Каюсь… Мне стоило бы ещё тогда обратить внимание на его болтовню и потребовать разворота кобылы назад. Увы, не успел… Но уважительные причины у меня тоже были, потому что, внезапно выскочив из кустов, дорогу нам преградили два рослых молодца, одинаковых с лица! В руках у каждого покачивался дрын из двадцатилетней берёзы, а глаза такие озорные-озорные…

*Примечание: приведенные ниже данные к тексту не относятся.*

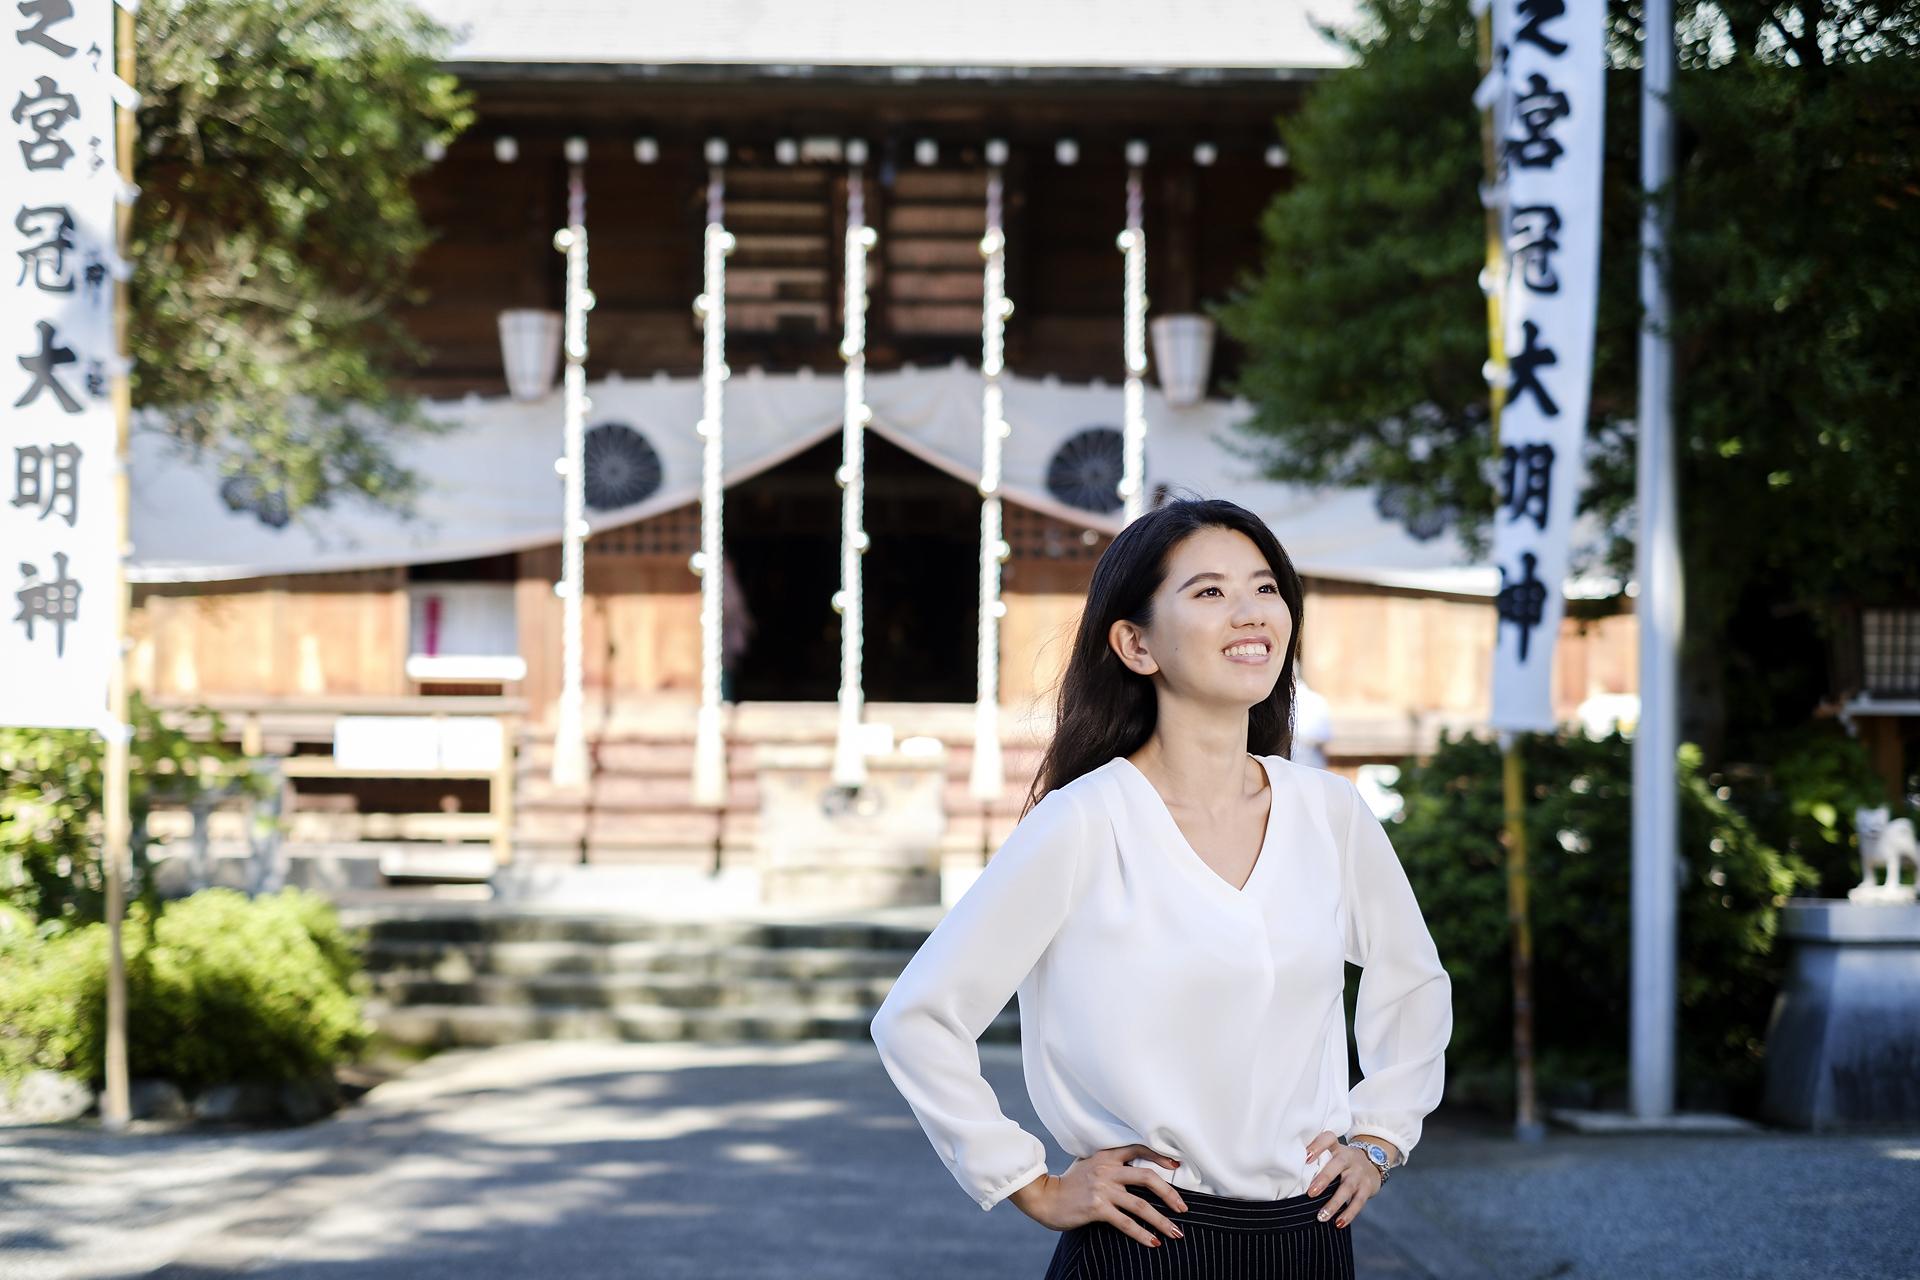 180917-Atsugi-Shinohara-039-1

– Станови телегу! – почти в один голос потребовали парни.

Я молча приложил палец к губам, указывая на спящую бабулю. Близнецы понятливо кивнули, но преступные действия всё же продолжили, тормознув нашу кобылу под уздцы.

– Это ктой-то тут по нашим-то дорогам ездит, а дани-подати-то и не плачиват? – строгим таким, но умеренной громкости голосом предложил выяснить один.

Вообще-то в телеге под соломой лежала длиннющая стрелецкая пищаль, но чего доставать эту дуру, если у нас свой младший сотрудник есть?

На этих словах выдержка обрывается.